The conclusion reached by the reviewing court was that it was without authority to disturb the verdict, and the author of the opinion believed that the case should be reversed with a direction that a remittitur be ordered. And then the court significantly said:
"Neither the industry of counsel nor our own research has been able to turn up any case of any appellate court where a verdict anywhere near so high as that rendered here has been upheld as compensation for comparable injuries." (Emphasis mine.)
In Dickson v. Beemer, Mo.Sup., 217 S. W.2d 515, Syl. 5, the Supreme Court of Missouri upheld "Judgment for $5,000 for loss of leg in middle third of thigh for a man of 60 years of age as result of being struck by automobile and who was earning $6 per day before accident was not grossly inadequate where there was nothing in record to show passion or prejudice on part of jury." The language of the court, 217 S.W.2d loc. cit. 518, was:
"A verdict will not be set aside unless there is something substantial to show prejudice or passion on the part of the jury, or that it is grossly excessive or grossly inadequate." (Emphasis mine.)
In Jones v. Thompson, 353 Mo. 730, 184 S.W.2d 407, the Supreme Court of Missouri required a remittitur of $6,000 where the plaintiff had suffered a 90% loss of the use of his left hand. The verdict was $18,521; the amount approved was $12,521.
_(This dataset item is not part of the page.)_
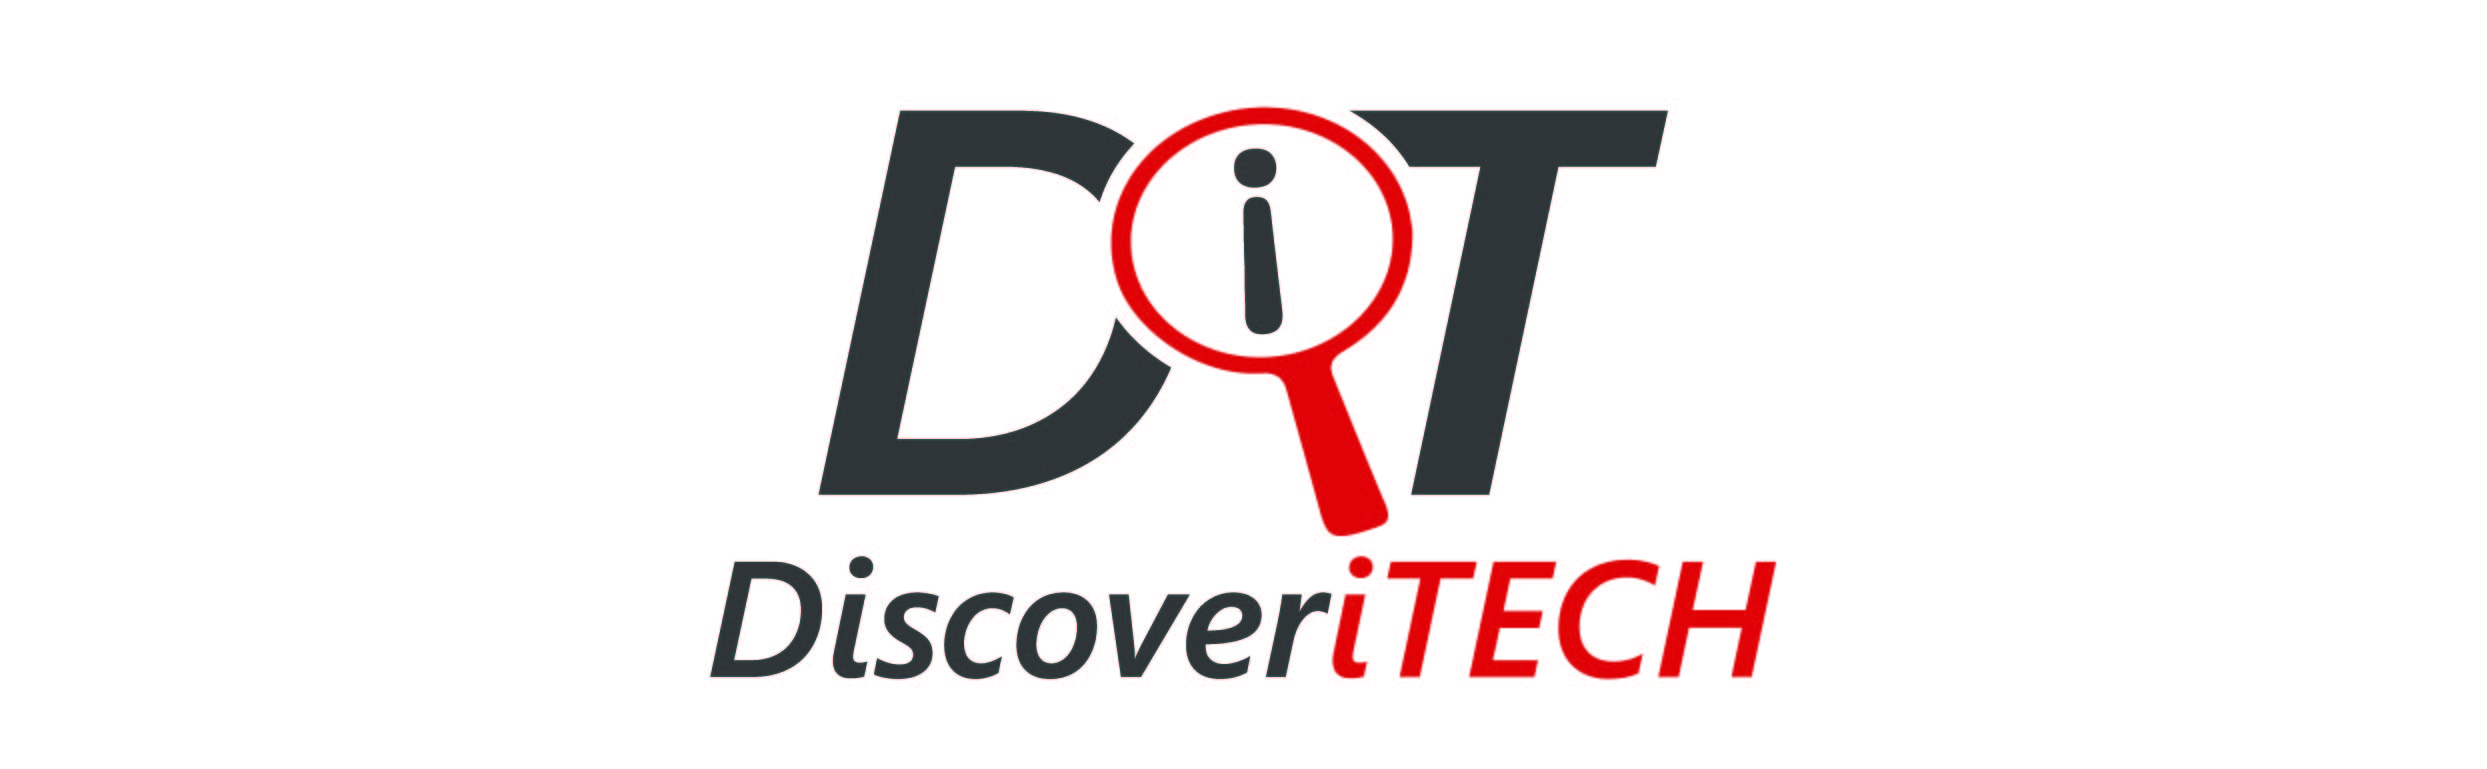 https://www.pakpositions.com/company/discoveritech

Other cases have been examined, but little help has been obtained in an effort to reconcile differences and to arrive at a fair award in this case. The plaintiff has been subjected to several operations and continues to suffer pain as well as the disabilities arising from his injuries. His doctor bills and hospital *862 bills were paid by his parents and amount to approximately $2,000. His attorneys, very properly, must be paid out of any award that is made to him. And it is a matter of common knowledge that the dollar is not worth as much now as a few years ago. Plaintiff's injuries were not as great as those mentioned in the Southern Pacific Co. case.
An allowance of $50,000 would appear to be reasonable.